After transforming your dataset to the desired schema, the main step into building a model is the train test split to check if the model's predictive ability is correct or is mainly overfitting. This split is essential because even with a validation process, you always need a raw dataset to test out your newly built model and assess its robustness on any dataset with a similar schema. Thus this feature dispatches rows of one dataset into multiple output datasets based on user defined rules.
To access to this feature, click on the desired dataset and on the left sidebar, you select the Split Rows green icon and a pop-up will automatically appear on your screen.
On this pop-up, you can define some rules as to the splitting method.
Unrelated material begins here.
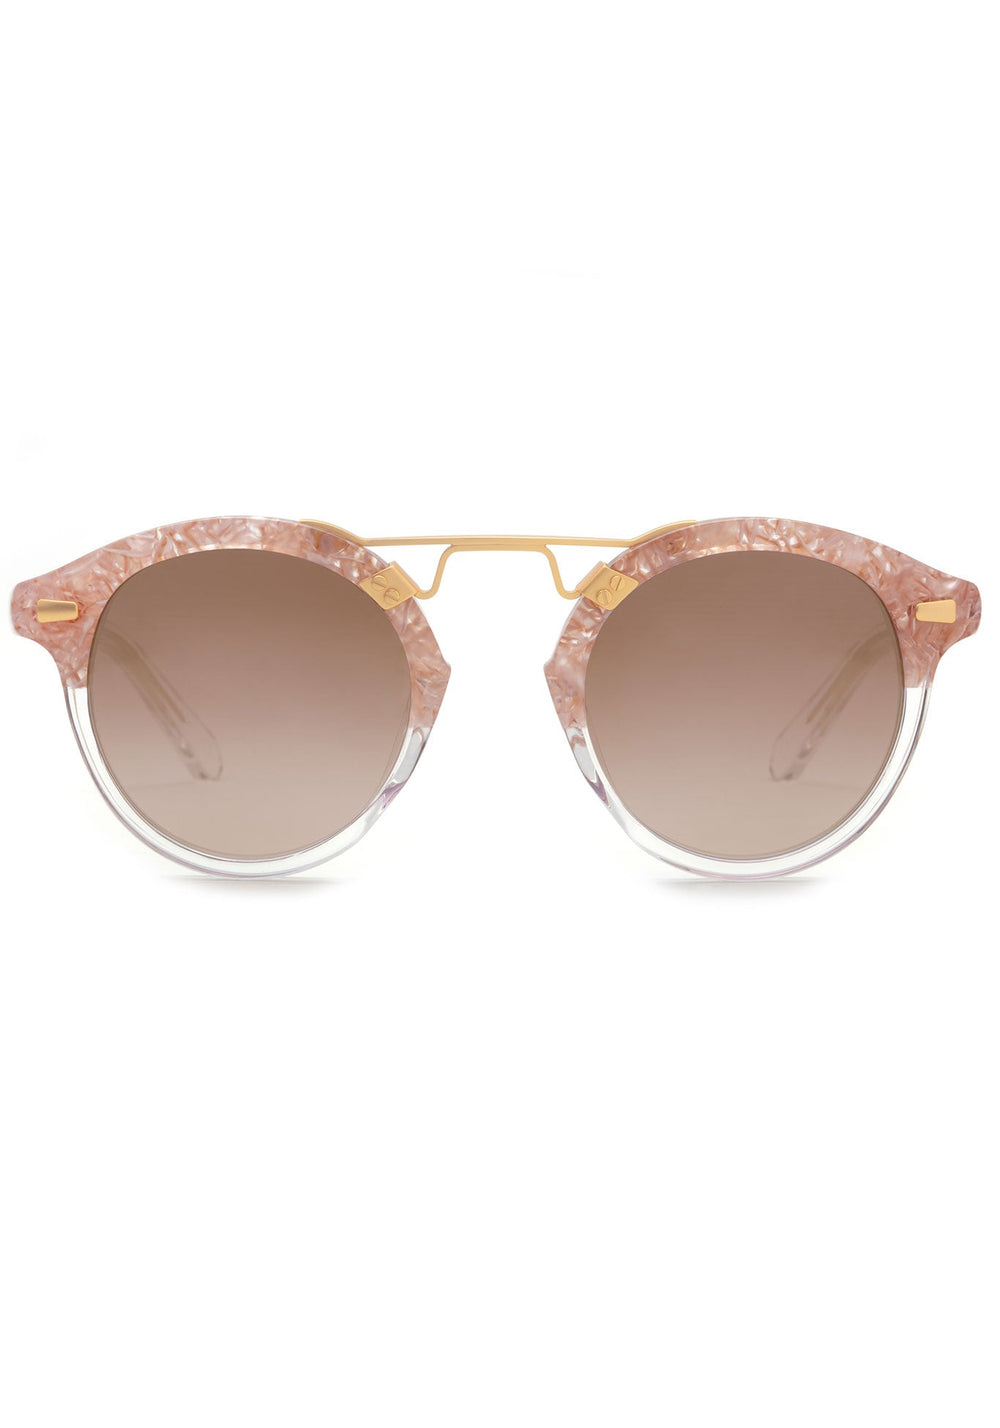 STL II | Camellia to Crystal Mirrored 24K Handcrafted, pink and clear split acetate KREWE sunglasses
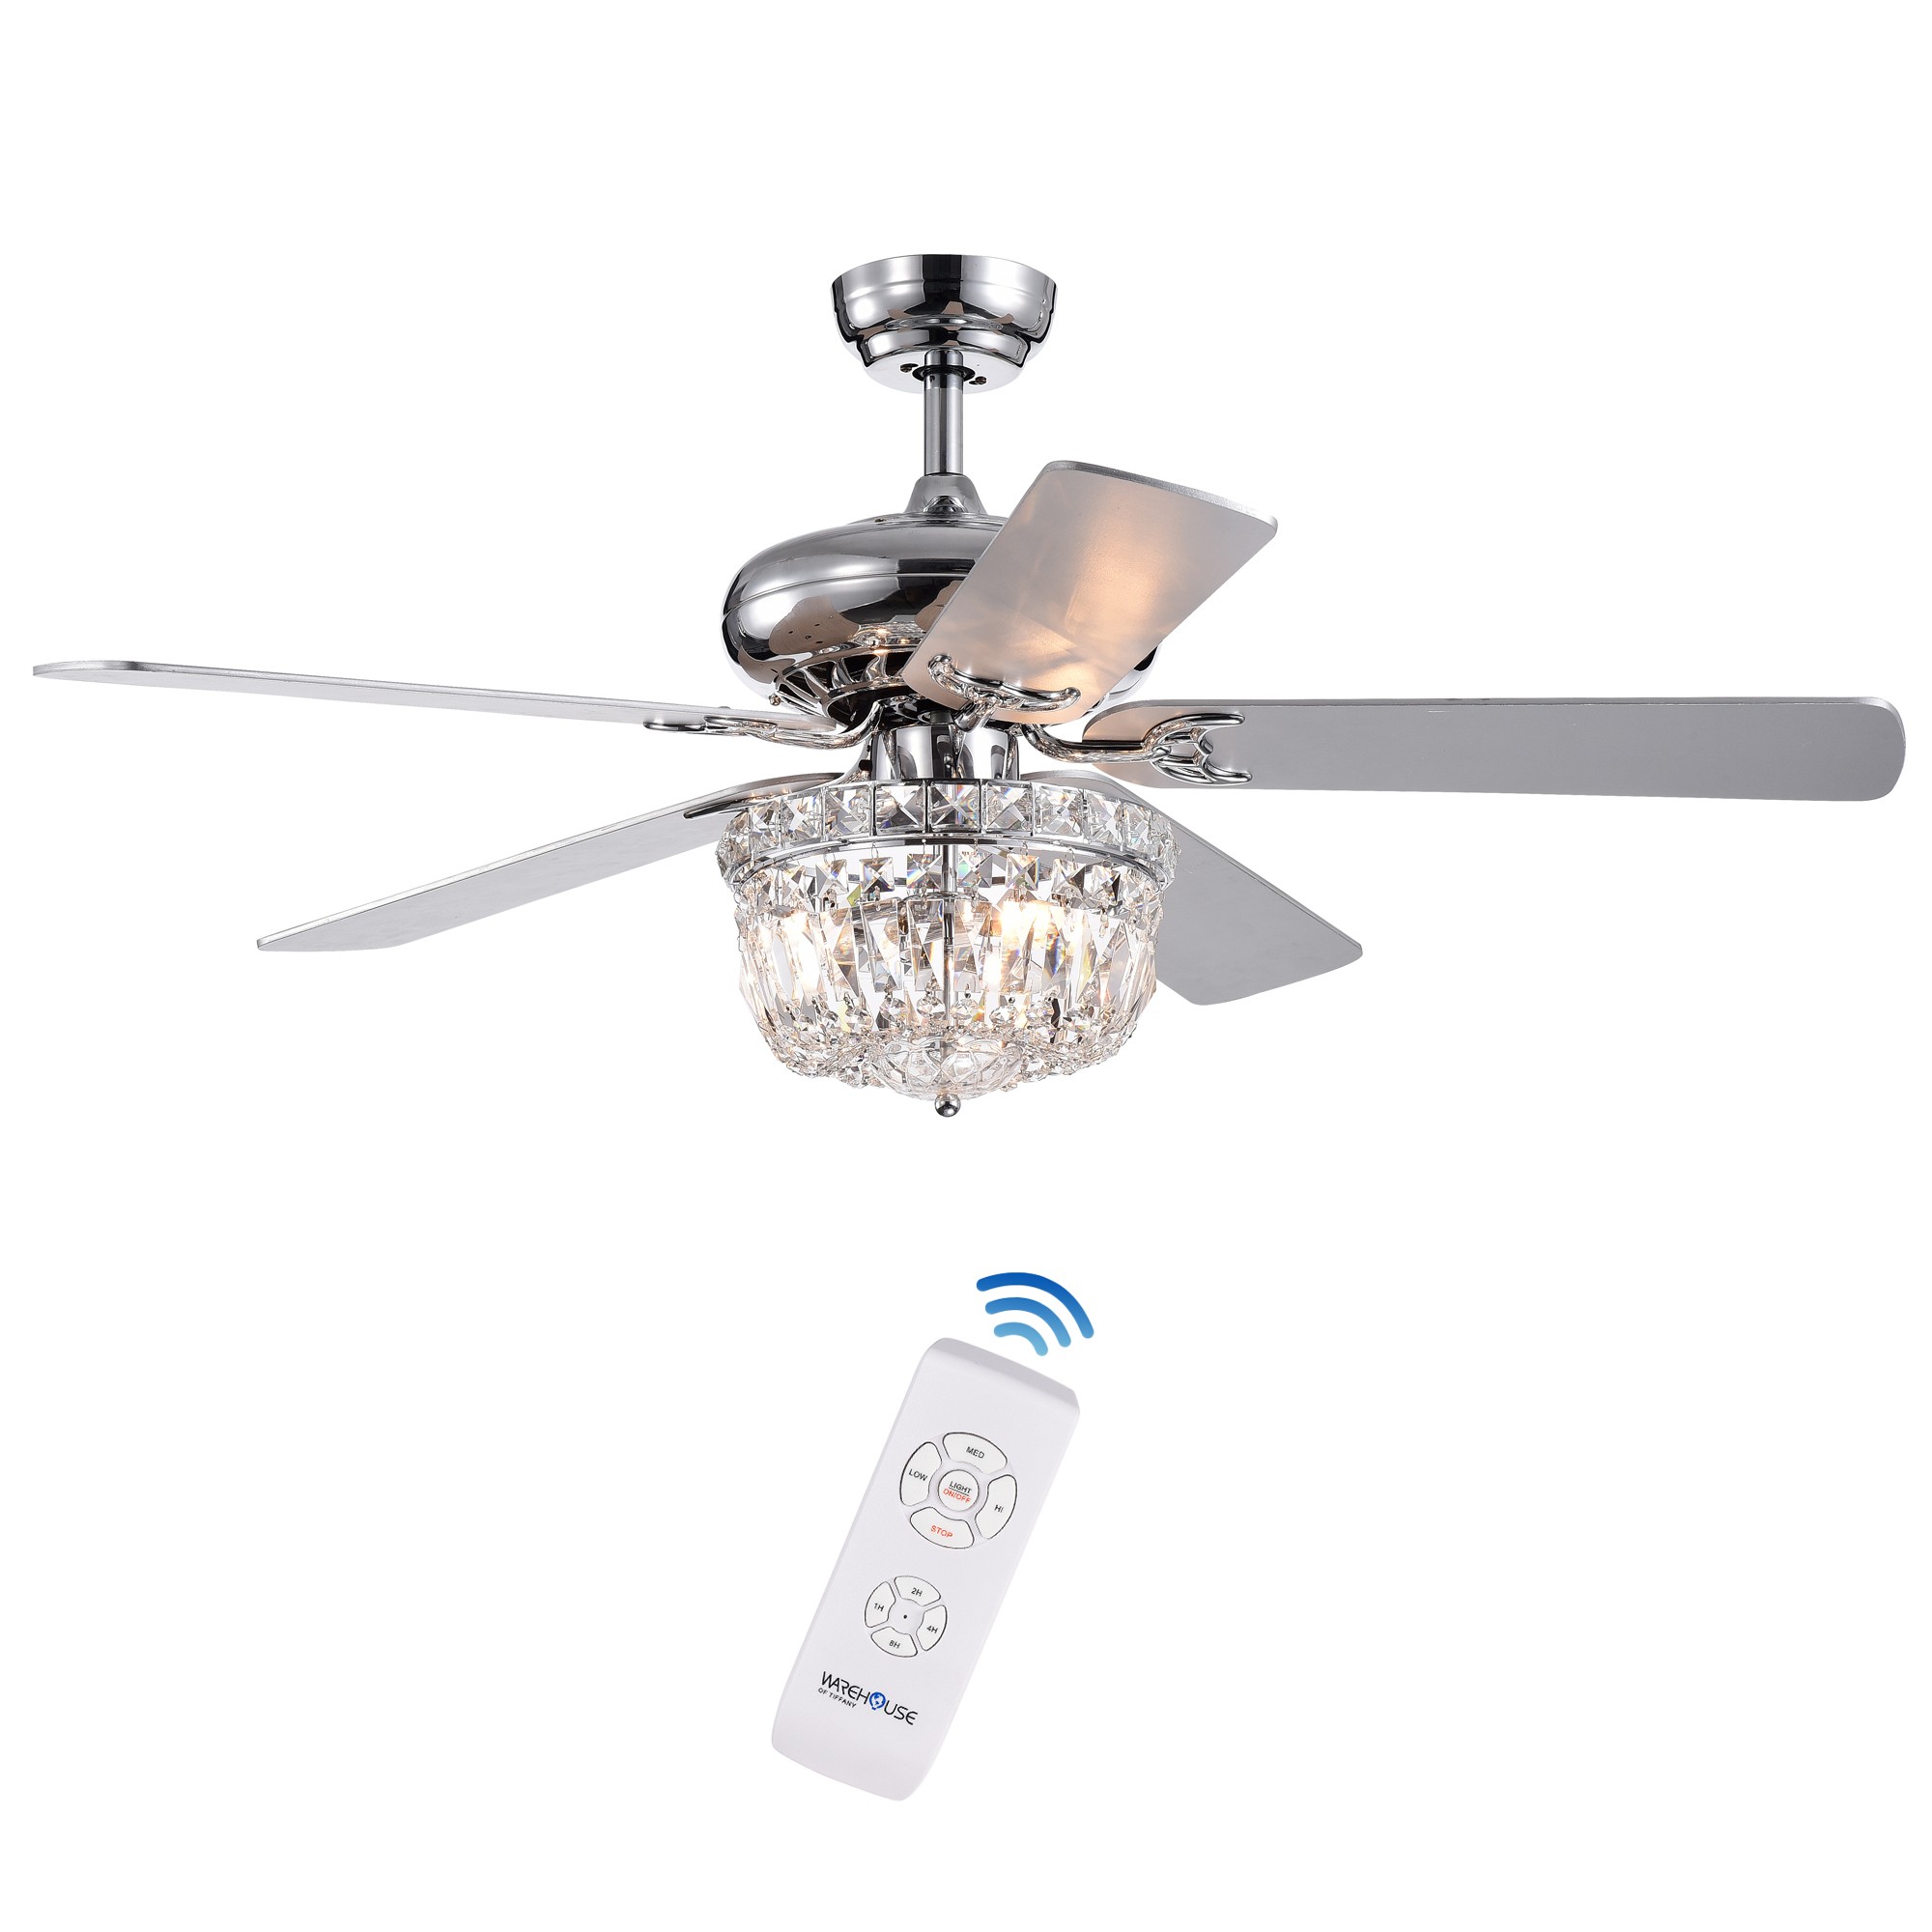 Galileo 52-Inch 5-Blade Chrome Lighted Ceiling Fans with Crystal Bowl Shade Optional Remote (2 Color Blades)

The rules are the following :
- The operation name and description
- The number of expected output datasets : by default is 2 but limited to 4 max
- The ratio of rows given to each output dataset between 0 and 1 : by default the ratio is calculated by
1/<number of outputs>and the sum of ratios is equal to 1
- The persistence setting
- The splitting method
You can choose different splitting methods by selecting the
Random: the split is applied randomly throughout the dataset
Order By: the split is applied following the order settled in each sorted column (0-9 to A-Z)
Stratified: the split is applied while having the same proportion of classes or values of each column
When all of the settings are selected according to your likings, you just select the green Run button and a green gear logo linked to the input dataset and newly created outputs will appear in your flow.